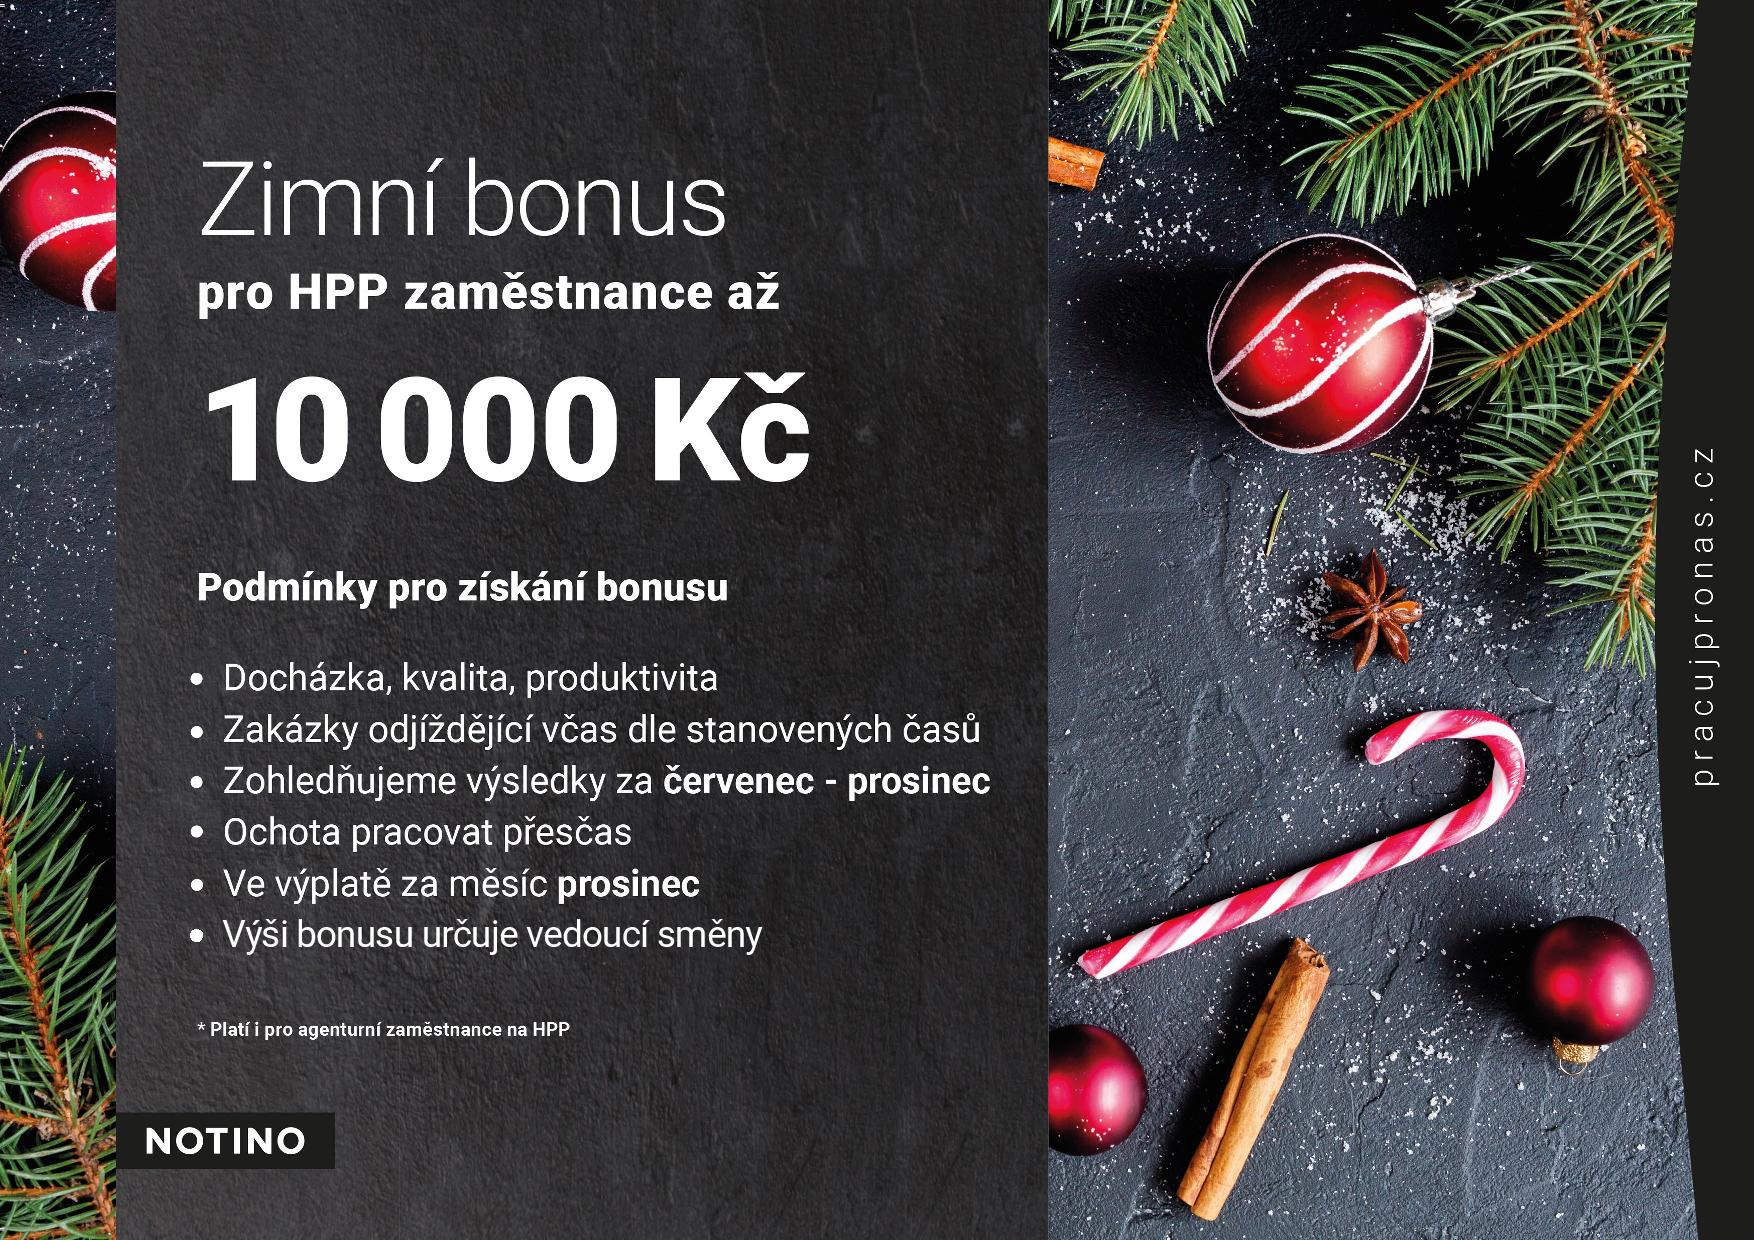 zimni bonus 2019_2-page-001
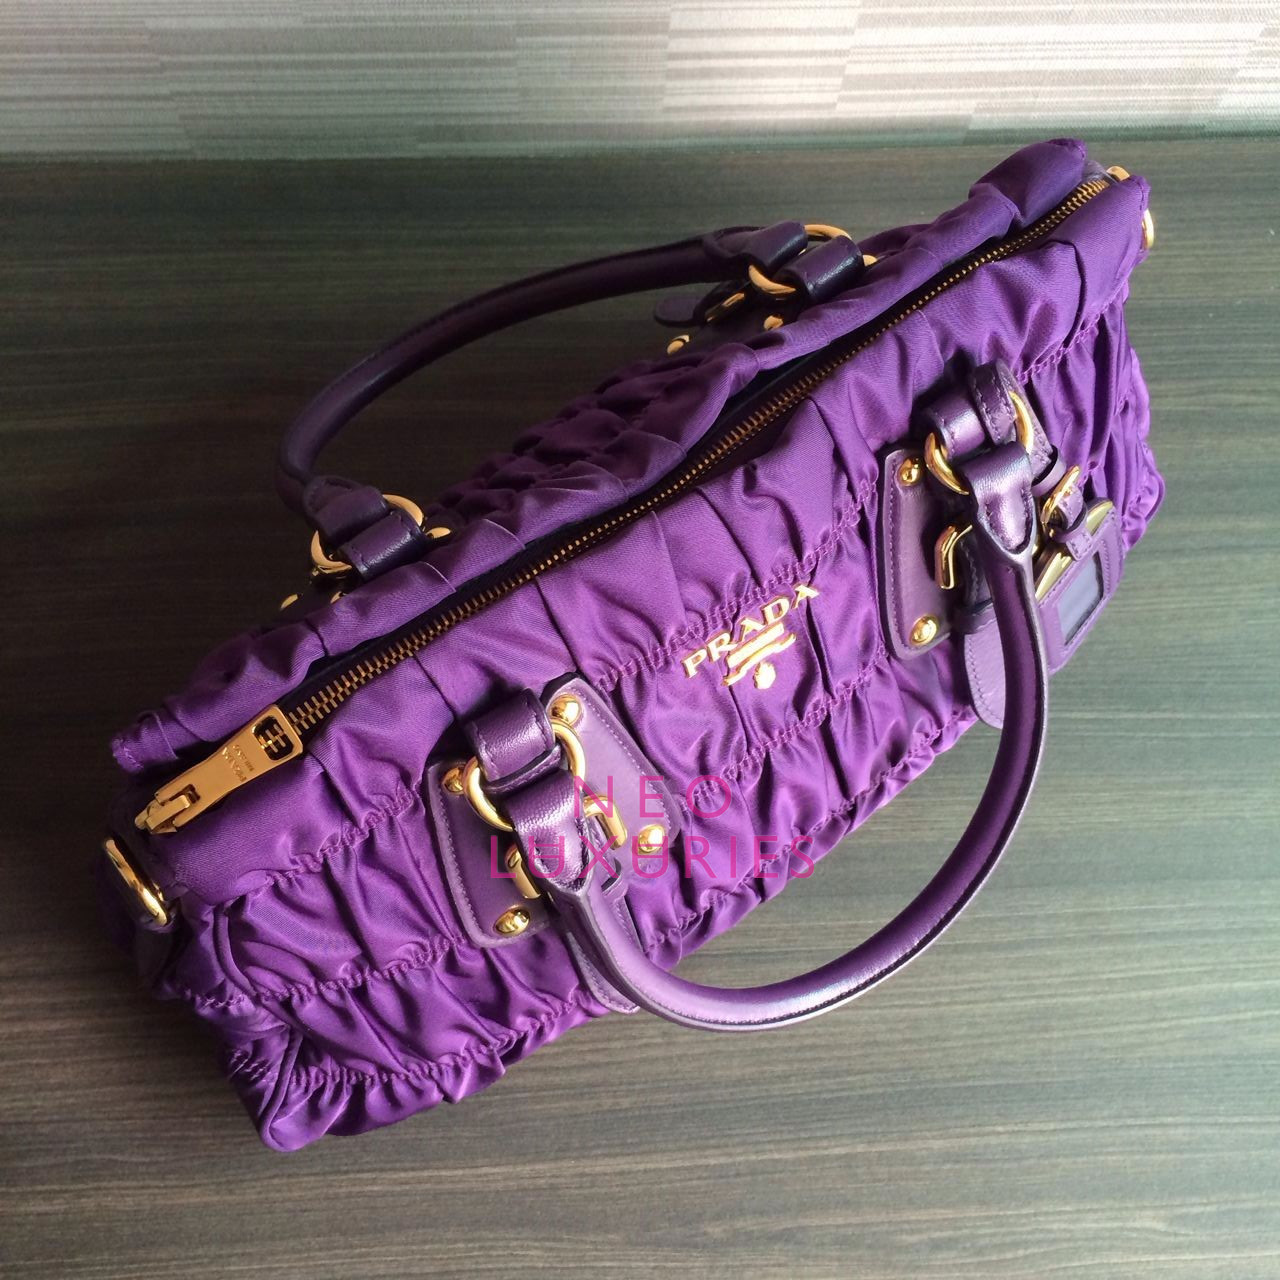 prada lime green purse - Neo LUXuries: SOLD: PRADA Tessuto/Nappa Gaufre' Small Top Handle ...
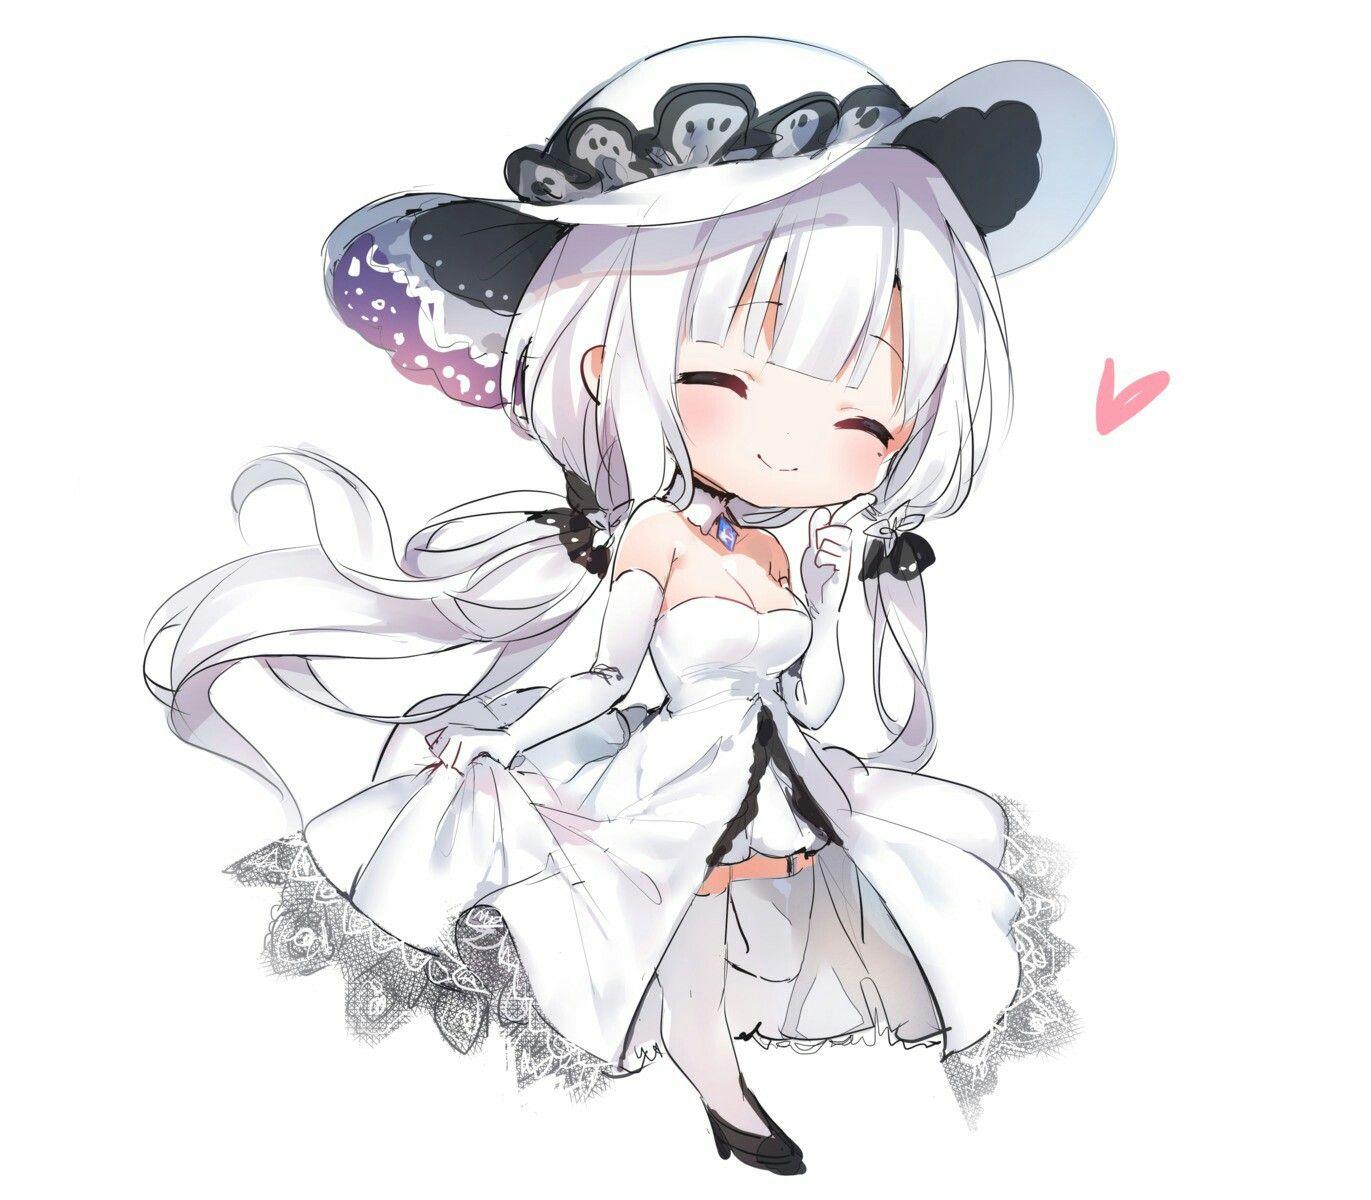 Pin by haozhe heng on anime Cute anime chibi, Anime
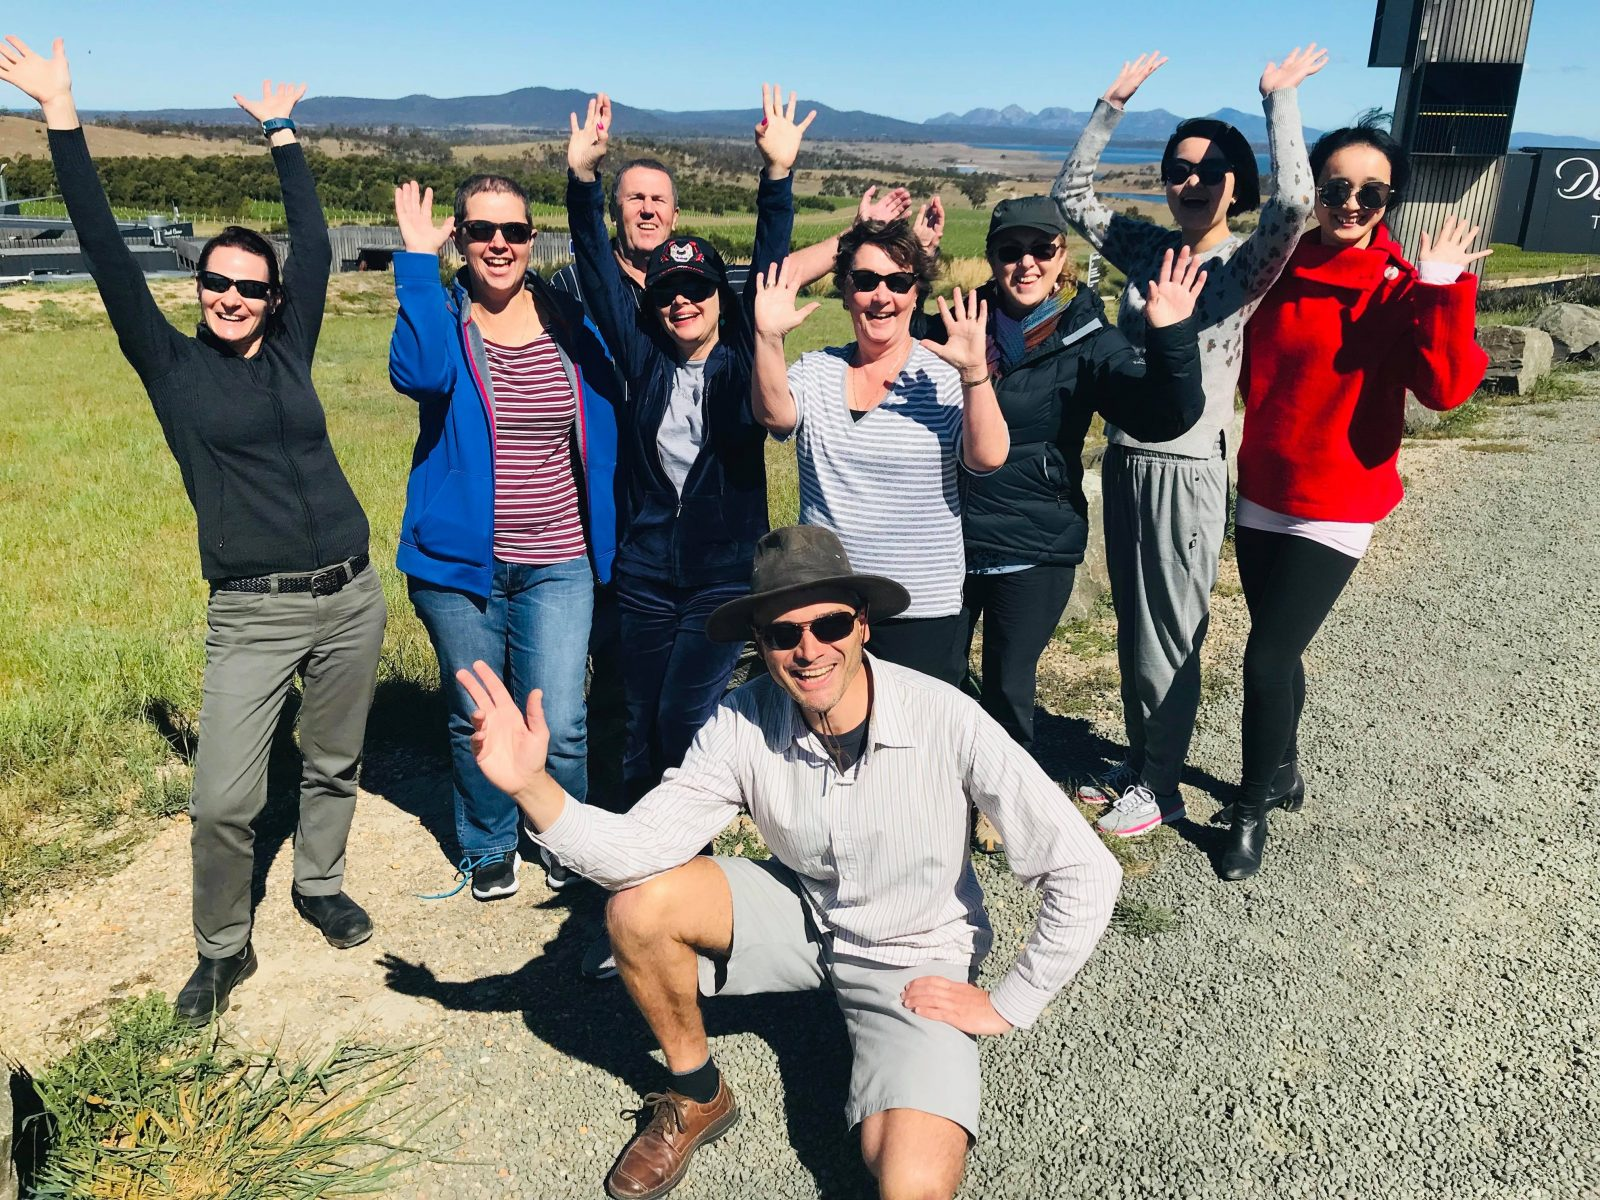 A tour group in Tasmania waving
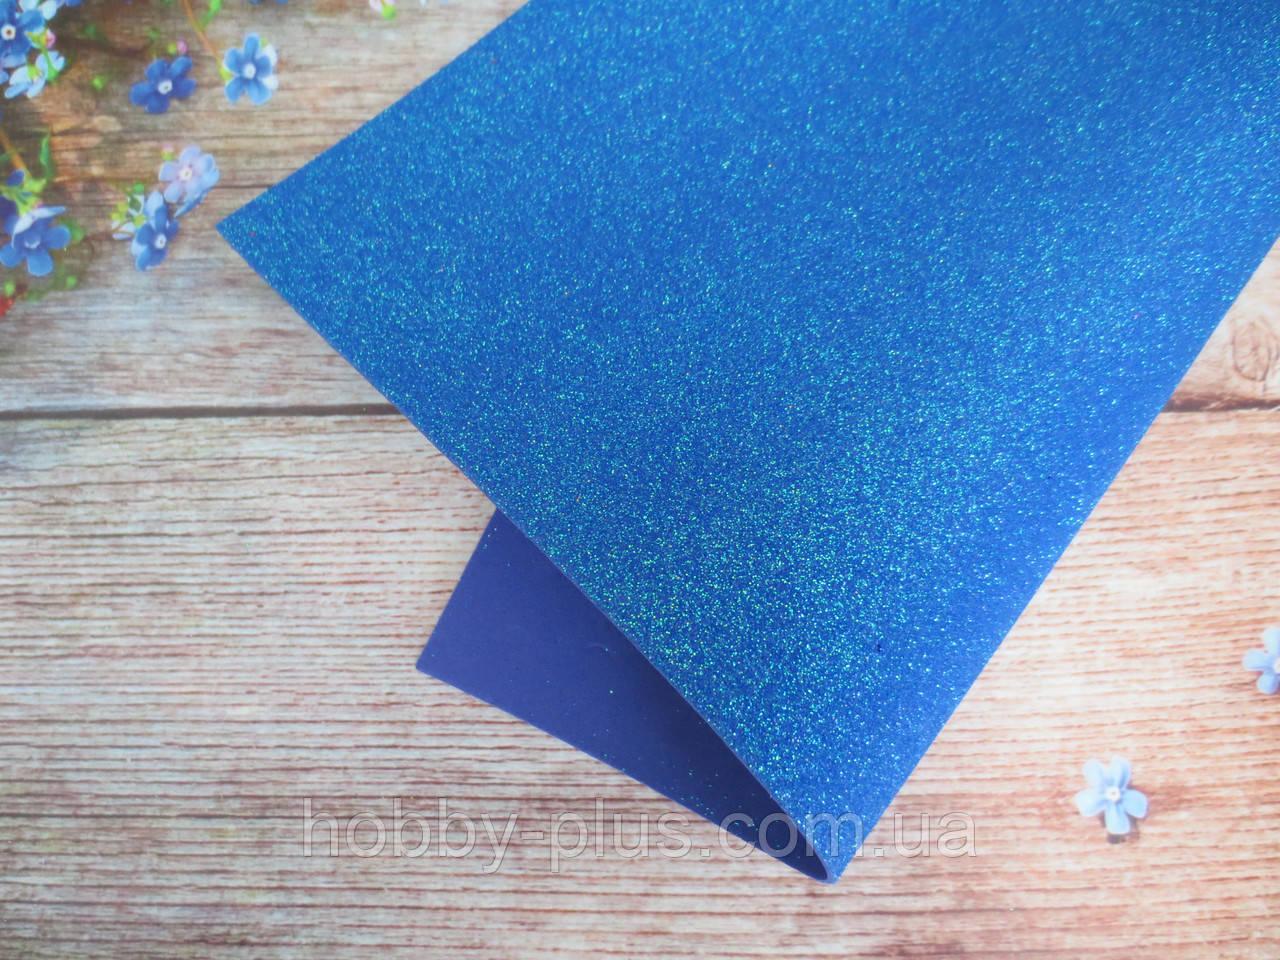 Фоамиран глиттерный 1,6 мм, 20x30 см, Китай, СИНИЙ с переливом

━━━━━━━━━━━━━━━━━━━━━━━━━━━━━━

- Your goal -
Set the whole listing down again unchanged, apart from the pictures, which are omitted.

- Reply to the exercise -
 zimni bonus 2019_2-page-001
 prada lime green purse - Neo LUXuries: SOLD: PRADA Tessuto/Nappa Gaufre' Small Top Handle ...
 Pin by haozhe heng on anime Cute anime chibi, Anime
 A tour group in Tasmania waving
 Фоамиран глиттерный 1,6 мм, 20x30 см, Китай, СИНИЙ с переливом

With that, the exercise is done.